At the ArteBA fair she exhibited stools and screens. There, the renowned gallery owner Natalio Jorge Povarché got interested in her work. Since the year 2003- and even today- she exhibits in Rubbers Gallery. She changes the collage and the cutouts for the drawing of her citizen-characters. In 2008, Julio Sánchez headlined his preface to his exhibition Question of attitude in this way: “The perspective of her paintings is not geometric, and various codes of representation cohabit: a figuration close to the comic strip (without being that), an abstract expressionism and writings”. Liliana looks, sees, watches and paints. Crowds, swimmers, devils, heroes and heroines of everyday existence move from one place to the other all above and below the pictorial space.

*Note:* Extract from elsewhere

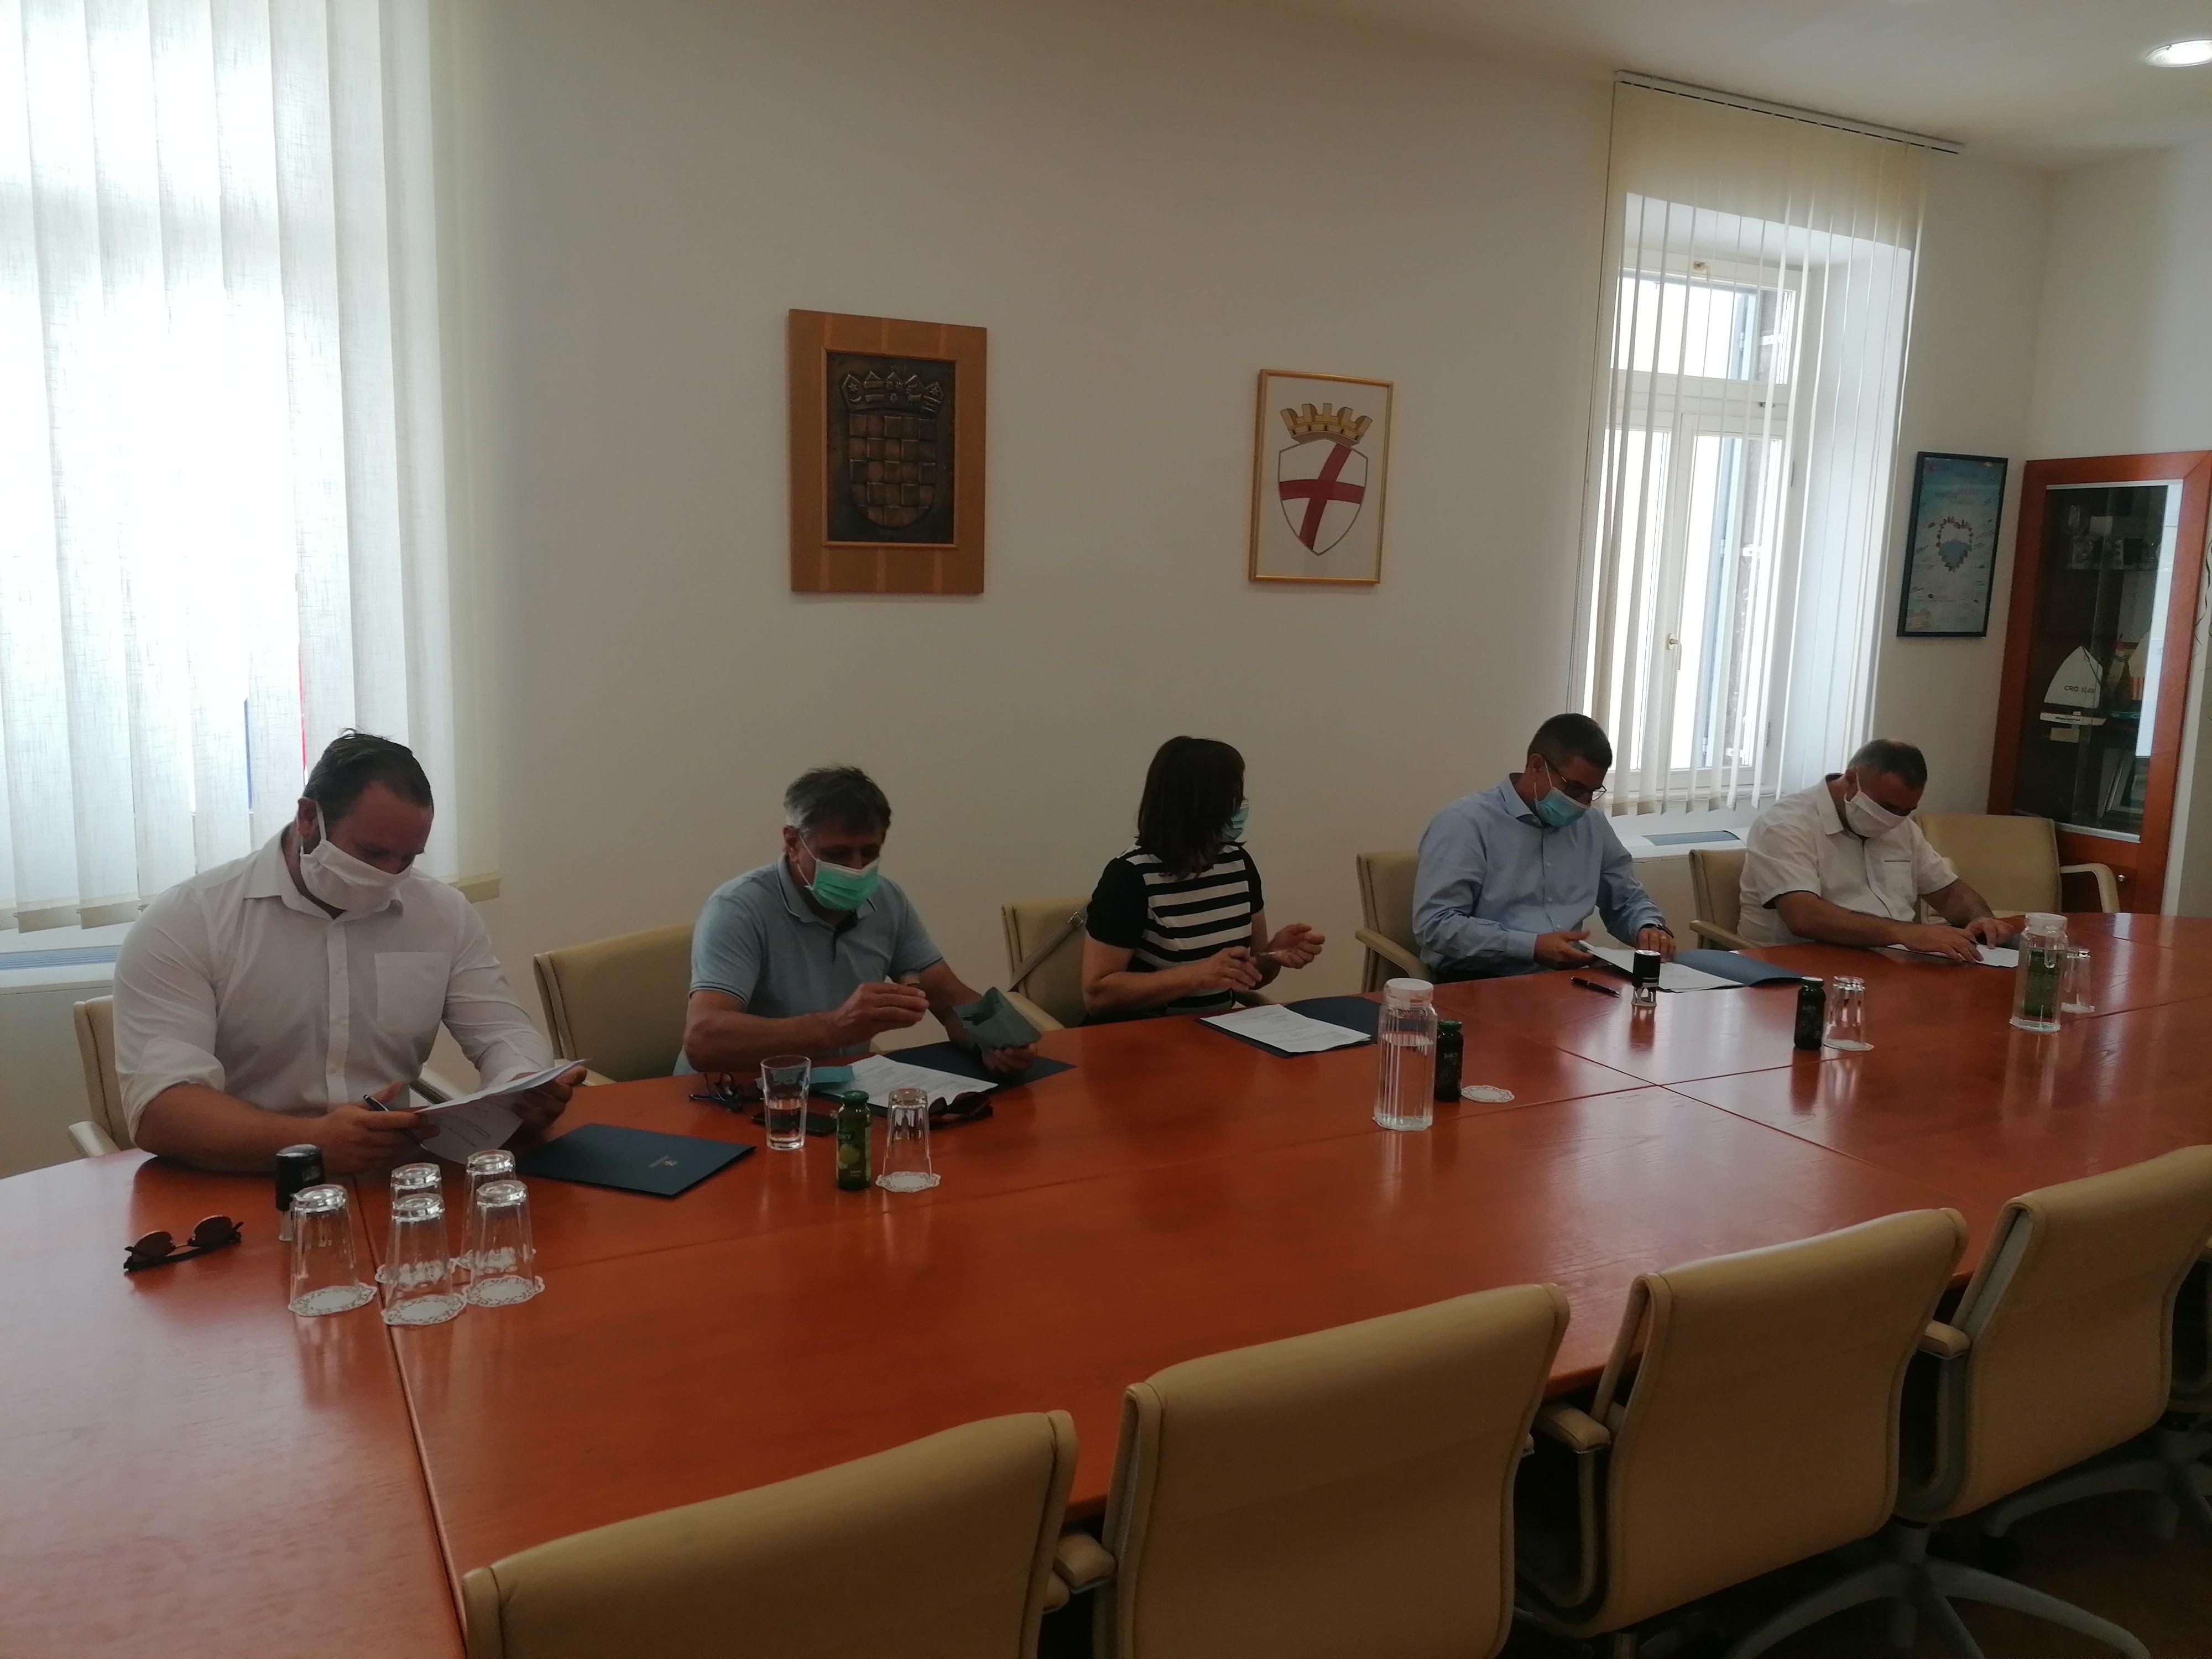 Potpisan Sporazum o sufinanciranju dodatnog tima Hitne pomoći za područje Rovinjštine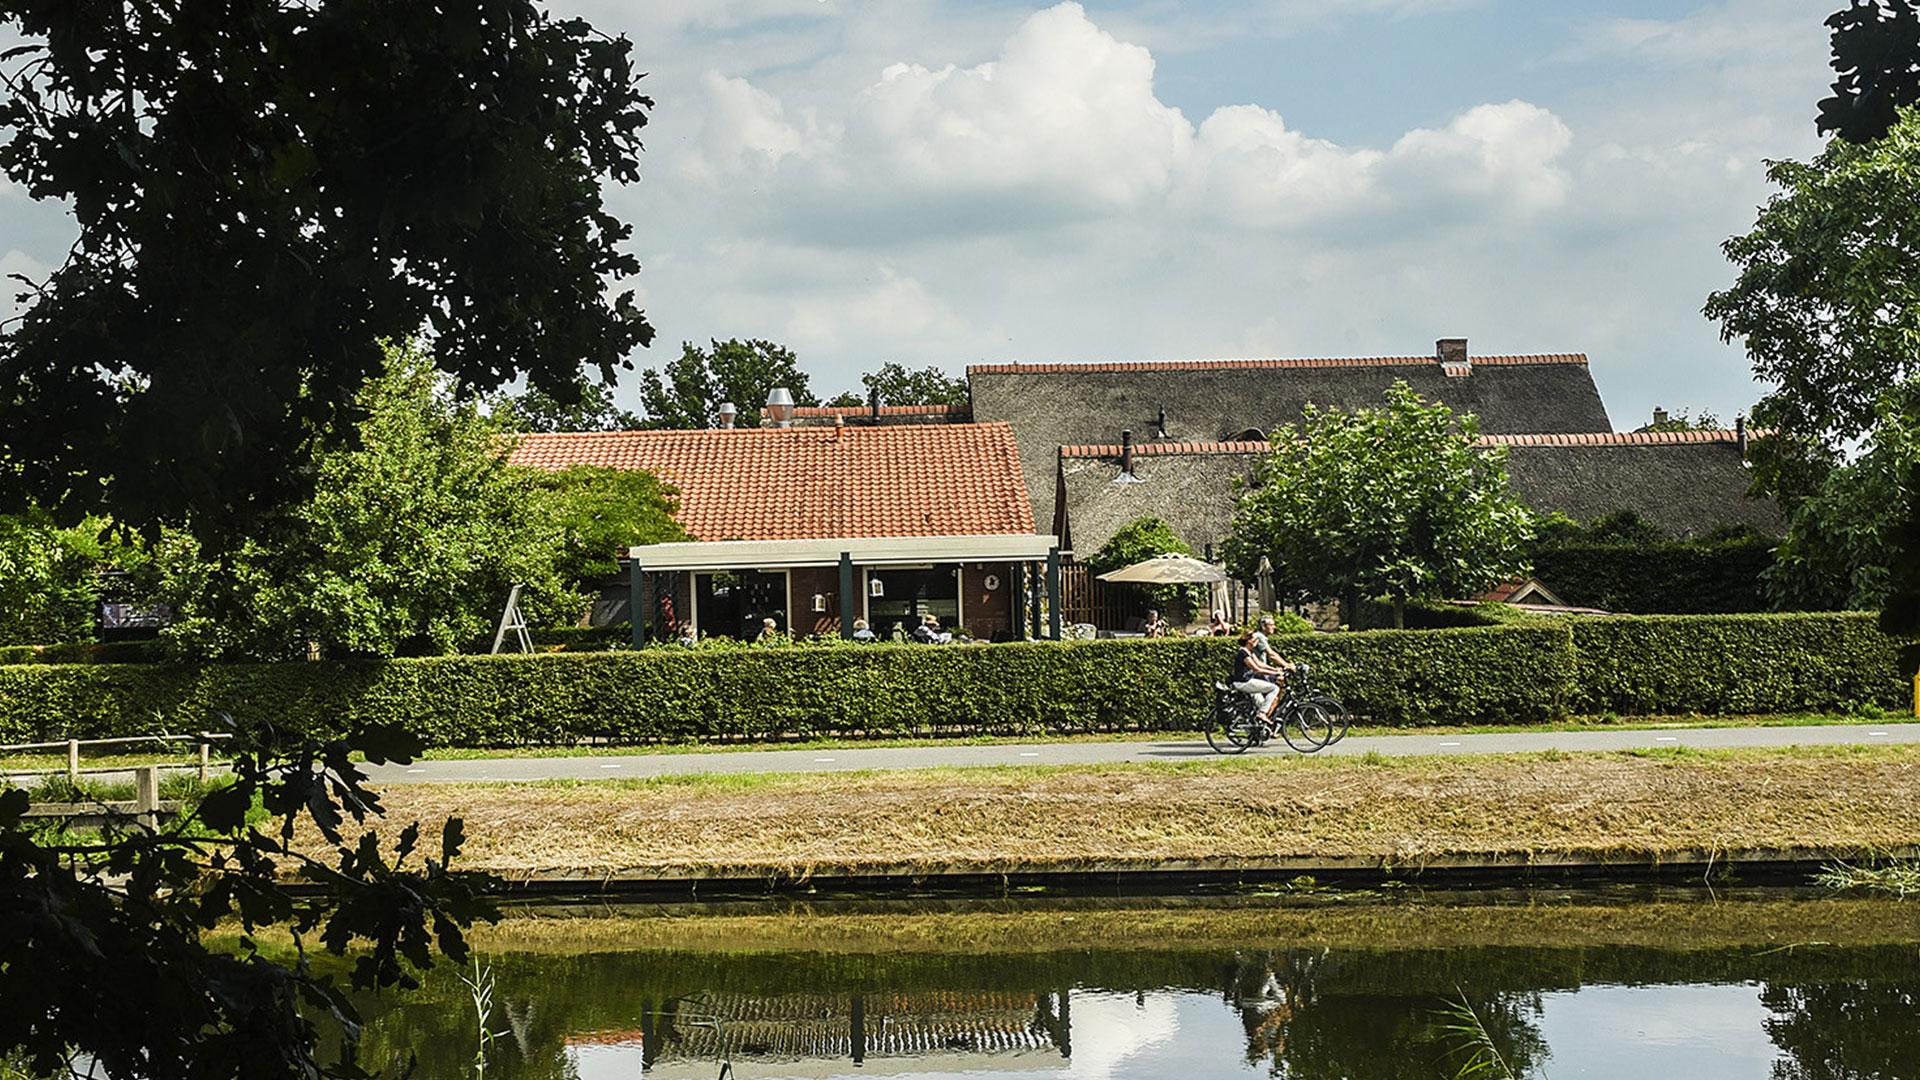 5 Fietsstops op de Utrechtse Heuvelrug die een omweg waard zijn

She is disturbed by another kind of contemplation, a more delicate one. On her journeys she sees the human landscape. She sees the small, subtle gestures of interpersonal relationships. Two friends talking, a lady crossing the street, cars piled up in transit, groups celebrating. Figures saying things to each other in the titles of her works: I assault you, you assault me, I am the woman of your dreams, It´s not me, it´s you, Look into my eyes and My wound started bleeding again. Daily murmurs containing the value of the anecdote. “The images are populated by meanings, thoughts, associations and memories” reflects Norberto Griffa in his exhibition Visions, in 2010. In that year, she made the exposition Reflections of my Daily Life in The Americas Collection Gallery in Miami. There, she confessed that she never works with previous sketches. There are characters she does not remember to have made because “they come from within”, the images cross her mind as she wanders around the city, they impregnate with such a force , that end up unleashing a myriad of lines and colors in the fabric.
There is no oblivion but representation of what has been lived in constant flow. The figures emerge so quickly that, many times, she wonders if what she has just drawn was not done by someone else.
Time for confidences, her exhibition in 2012, affirms the mobile nature of the characters in her canvases. There are artworks that are altered with the passing of time. The figures leap from one picture to another and, as in the polyptychs, the rhythm of the story becomes even messier. She composes her paintings on surfaces of color: blue, brown, gray, light-blue linens. She denotes a lyrical sarcasm in her fabrics, which the critic Nelly Perazzo could glimpse in the foreword of the catalogue.
At first glance, Liliana is a quiet, cheerful, relaxed person. Perfecting the look a little, one discovers a restless, anxious person, unable to put up with waiting. Suspended in the tragicomedy, she ventures to give an account of daily actions in a children´s story fashion. The parable, however, is clear. There are no double meanings. The stereotypes that we used to find in the stories for children seem to come to life in the end. Because, many times, the artist admits to have met people who formerly lived on the surface of her artworks. Her most recent exhibition at the Rubbers Gallery, year 2014, carried the accurate title of Tune and spell.
Liliana lives, paints and dreams in Buenos Aires. With her eyes open to the world, she abandons contemplation everyday and, like Alice by Lewis Carrol, “sitting with her eyes closed, almost imagined herself in Wonderland, although she knew she only had to open them in order to see everything transformed into a dull reality”. Or rather, she just had to paint to transform fantasies and dreams into a wonderful reality.